Trump’s Commercial Wars

Donald J Trump is declaring commercial war on those who have been the main allies and commercial partners of the US: the EU, Canada, Mexico, China etc…

The EU is already taking tariff measures, and surely other countries will not stay put. In addition, although everything has started with steel and aluminum, it seems that Trump will dedicate himself to putting tariffs on other products as well.

Tariffs for steel and aluminum

All this began with the tariffs on steel and aluminum, although the truth is that if there is one thing to recognize is that Donald Trump is fulfilling his campaign to defend protectionism. He always wanted to force Apple to manufacture iPhones in the US instead of China (it does not matter that China has to import most of the components of an iPhone to assemble it), although for the time being it has started with these products.

When Trump announced the steel and aluminum tariffs, the EU thought it could get an extension, an exemption. After all, in the developed Europe, one could not think that it could talk about dumping (export subsidies) by governments or low wages, but the Trump administration has already decided that tariffs will apply to the EU as well.

The EU has decided to respond by strategically placing tariffs on products from the states that voted for the Republicans in the last elections. So in a first phase there will be taxes of 25% on 186 products such as orange juice, blueberries, rice, corn, whiskey, tobacco, cosmetics, jeans and steel with an impact of 2.8 billion euros. In a second phase, tariffs will be a 10% to 163 products such as lacquer, wipes, blankets or ceramics with an overall impact of 3.6 billion euros. The idea is that it is the same impact that steel and aluminum tariffs will have on European economies.

A complicated G7 summit

But it seems that Trump isn’t done yet, for he plans to continue with other products. For example, there is much talk about cars.
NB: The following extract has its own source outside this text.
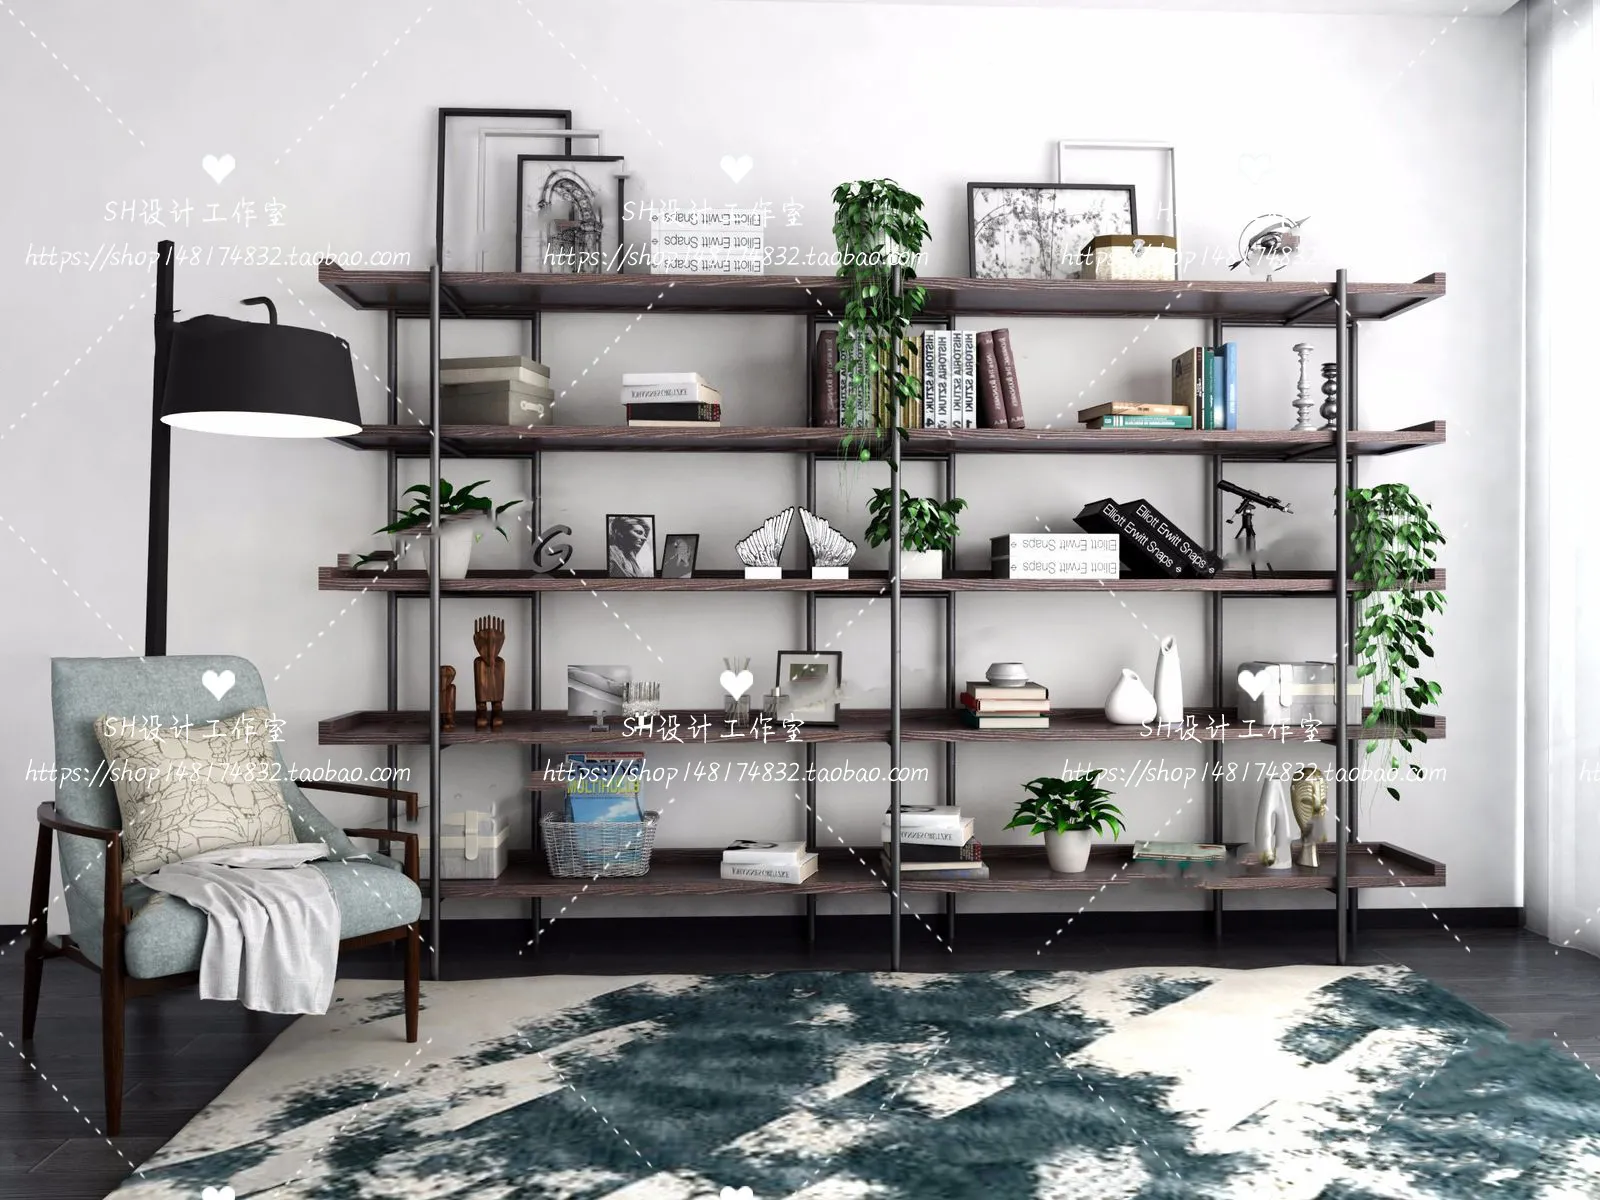 Decorative Cabinets – 3D Models – 0115

According to the German magazine WirschaftsWoche, Trump told Macron that he planned to veto German cars, until there was not a single Mercedes left on Fifth Avenue. Although it is true that vetoing Mercedes and BMW is complicated because they have production plants in the US, Audi and Porsche do not have a single plant from which they could skip the restriction to cars manufactured in Europe.

All this with the G7 summit this weekend. This year it is in Canada, and Donald Trump has started the summit by announcing in advance that the trade deficit with the EU and Canada is excessive. US allies already see the Trump administration as a serious global problem.

He will leave early to meet with Kim Jong-Un on the denuclearization of the army of his country.  Once the former TV star leaves, will the rest of the countries talk about how they are going to deal with Trump’s commercial rates?

If it is true that China, the EU and Canada are willing to fight in the economic battle, it is also true that Trump’s trading partners know that it is not easy. For example, Merkel is not sure that Germany can continue to win from a US trade war, as the Spiegel newspaper says. In Berlin, they know that the American market is vital for the German car industry and they want to protect it at all costs.

Protectionism is not good

The problem with protectionism is that its defense is intuitive, while the defense of free trade is not so. But let’s think about it in a developed economy and the tariffs imposed on steel and aluminum with which we have started. Let us suppose that we stop importing steel and aluminum. This makes steel and aluminum more expensive, reducing or eliminating imports and creating jobs in the US that help workers. It seems like a good idea, right?

Not exactly. To start, because a steel or aluminum plant is not installed from one day to the next, it takes many months to be operative. In addition, the mix of local production and its overcapacity is not usually exactly the same as the mix of imports.

Meanwhile, surely steel and aluminum manufacturers will see an increase in demand, and may even raise prices, they may even simply raise them and adjust them to the international market, maintaining the same production and number of jobs, and of course earning more. While the factories will have to pay more money for steel and aluminum.

In reality, the United States is an advanced economy, an industrialized country that produces advanced goods and services and high technology that sells to the rest of the world. But that does not mean that our products do not have competition. Think of airplanes (which need aluminum) and cars made of steel. As the internal cost increases in the market, manufacturing costs also increase.

So maybe those Fords and Boeings stop being competitive, or less so in the foreign market and a country like India stops buying Made in the USA airplanes to buy Made in Europe airplanes, and stop buying American cars for buy japanese cars instead.

US prices of steel and aluminum have increased by 40% so far this year and are already 50% more expensive than in China and the EU. What in principle should help the American Industry, may end up having the opposite effect.

So we will see how the events unfold in the coming days. I get the feeling that our trade war against the world is not going to end well.